A Companhia Siderúrgica Nacional (CSN) (BM&FBOVESPA: CSNA3) (NYSE: SID) divulga seus resultados do 1º trimestre de 2016 (1T16):

A receita líquida no 1T16 totalizou R$3.844 milhões, 5% superior à do 4T15 e 4% inferior à do mesmo período do ano passado. Em relação ao 4T15, o incremento de receita deve-se aos maiores volumes de vendas nos segmentos de mineração e siderurgia, compensando a queda observada nos preços médios da siderurgia e principalmente da mineração, que sofreu impacto adicional da valorização do Real. Quando comparado ao 1T15, a redução ocorreu principalmente pelo menor volume comercializado no segmento de siderurgia.

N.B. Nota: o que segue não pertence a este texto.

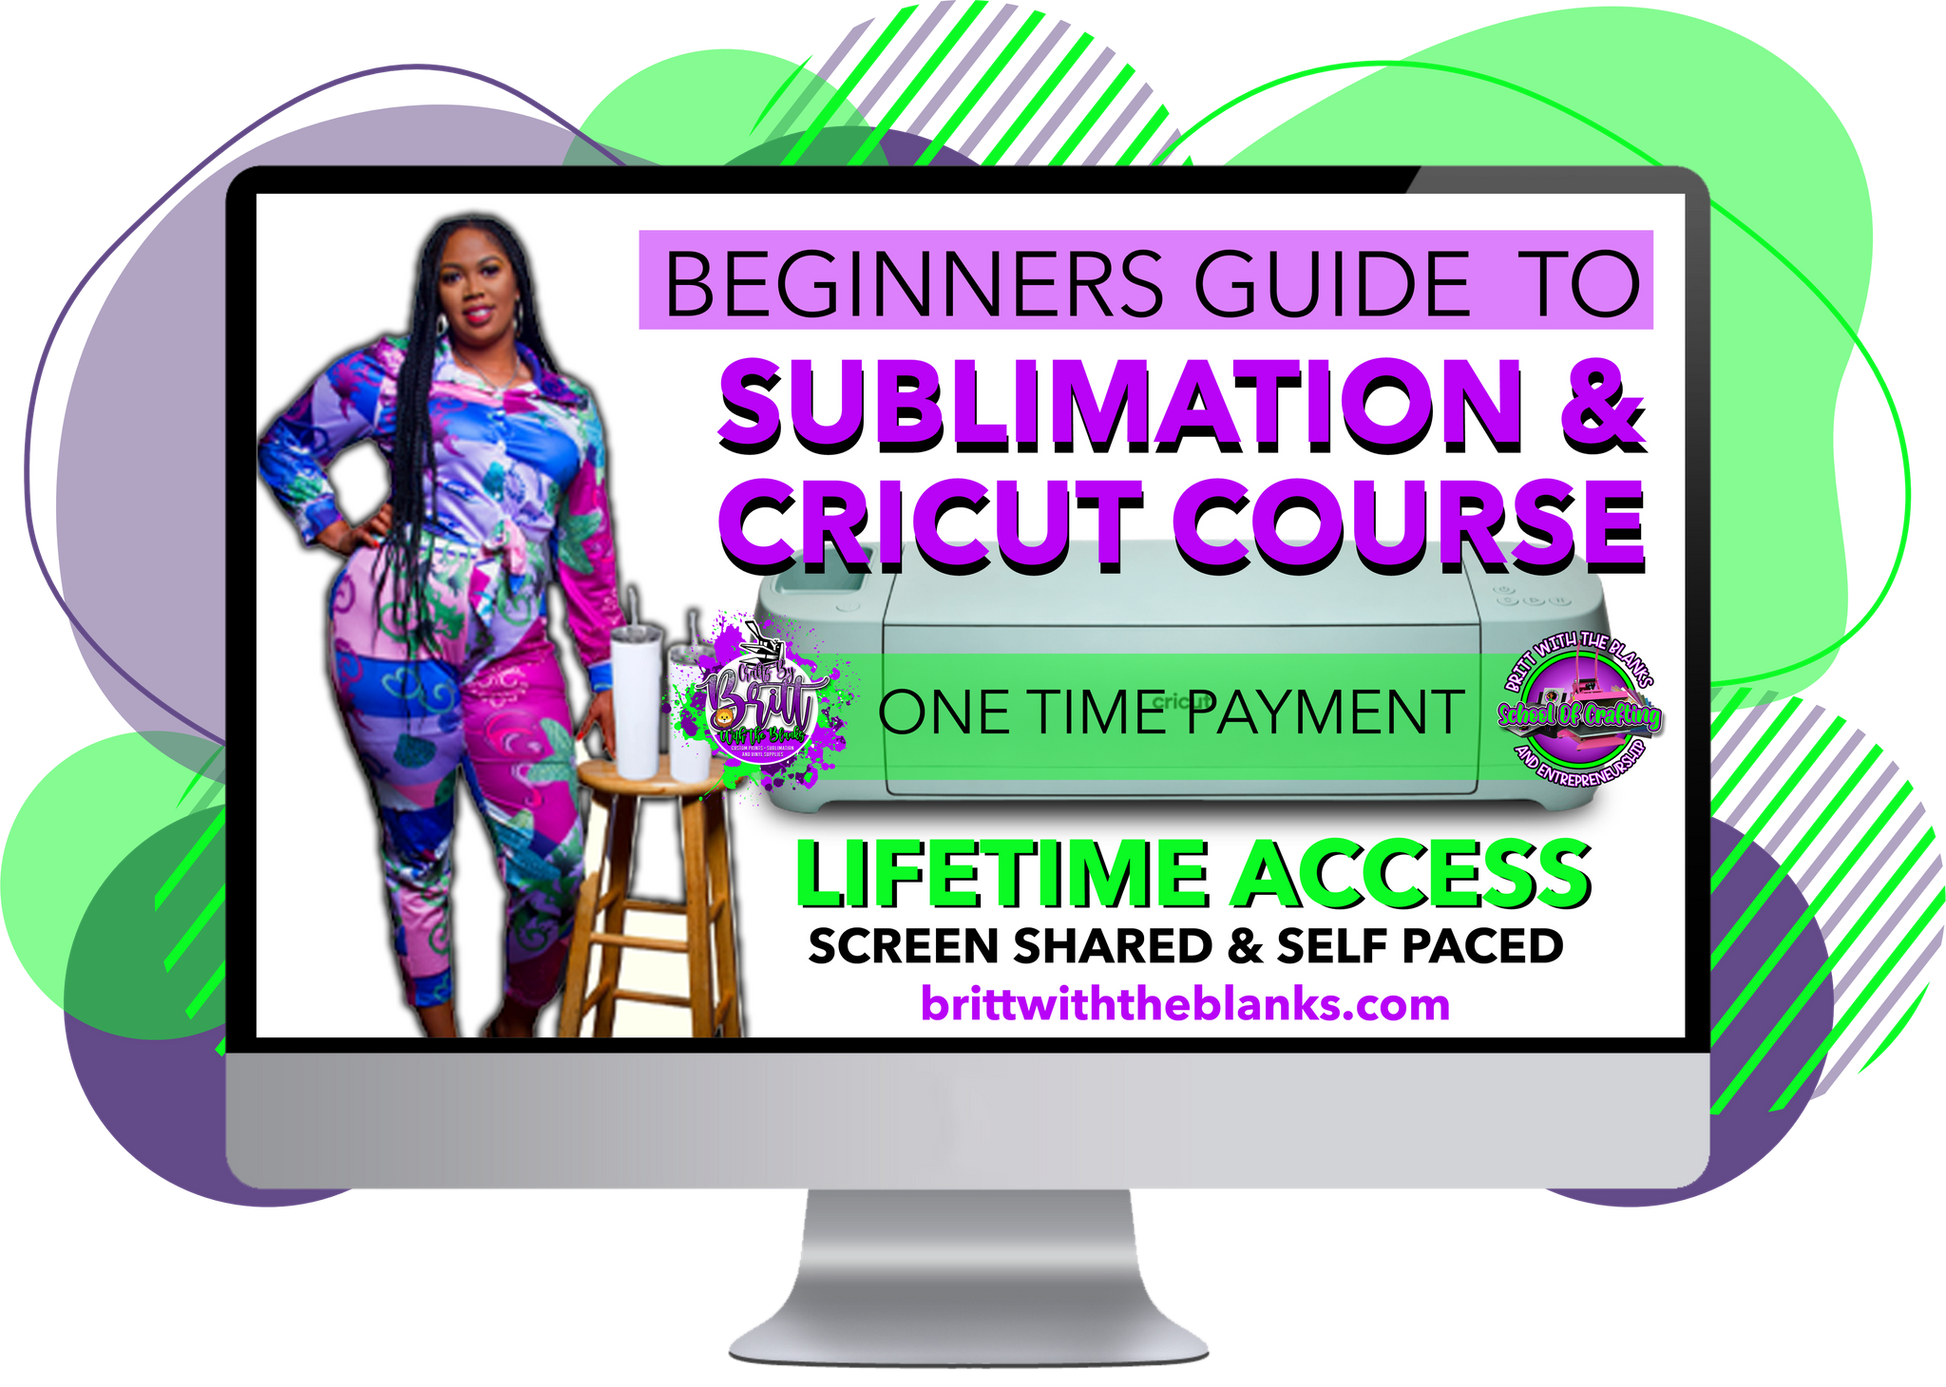 Sublimation Beginner Guide – Kim & Garrett Make It!

No 1T16, o lucro bruto somou R$926 milhões, 21% superior ao registrado no 4T15, com margem bruta de 24%, cerca de 3p.p. superior ao trimestre mencionado. Comparado ao 1T15, o lucro bruto foi 6% inferior e a margem bruta registrou queda de 1p.p., passando de 25% para 24%.

As outras receitas e despesas operacionais atingiram um valor negativo de R$127 milhões no 1T16, referente em sua maioria a despesas com provisões trabalhistas e depósitos judiciais, inferior aos R$214 milhões registrados no 1T15. O valor positivo de R$2.913 do 4T15 é explicado basicamente pelo efeito do ganho registrado na combinação dos negócios de mineração.

No 1T16, o resultado financeiro líquido gerencial foi negativo em R$968 milhões, devido: i) às despesas financeiras ex-variação cambial de R$890 milhões; ii) ao resultado negativo com variação cambial de R$329 milhões; e; iii) às receitas financeiras de R$251 milhões.

No 1T16, a Companhia registrou prejuízo líquido de R$831 milhões, ante o lucro líquido de R$2.371 milhões e de R$392 milhões registrados no 4T15 e no 1T15, respectivamente. A piora do resultado líquido no 1T16 em relação ao 4T15 é explicada principalmente pelos ganhos registrados na conclusão da combinação de negócios da mineração no 4T15. Já em relação ao 1T15, a piora é explicada principalmente pelo resultado de variação cambial e pagamentos de impostos.

O EBITDA ajustado atingiu R$733 milhões no 1T16, 7% superior ao do trimestre imediatamente anterior, mas 20% inferior ao registrado no 1T15. A margem EBITDA ajustada foi de 18,1% no 1T16, 1,1 p.p. superior à registrada no 4T15, mas 3,4p.p. inferior quando comparada ao 1T15.

Investimentos

Foram investidos R$330 milhões no 1T16, com destaque para:

Investimentos no novo forno de clínquer em Arcos-MG que permitirão capturar margens competitivas e escala na região Sudeste a partir da autossuficiência na produção deste insumo;

Reforma das baterias de coque, reduzindo a necessidade de coque importado e melhorando o fuel rate;

Demais projetos visando a melhoria de desempenho ambiental na Usina Presidente Vargas e de investimento corrente nas demais operações.

Do total investido, R$54 milhões foram investimentos em itens sobressalentes e R$155 milhões em investimentos correntes.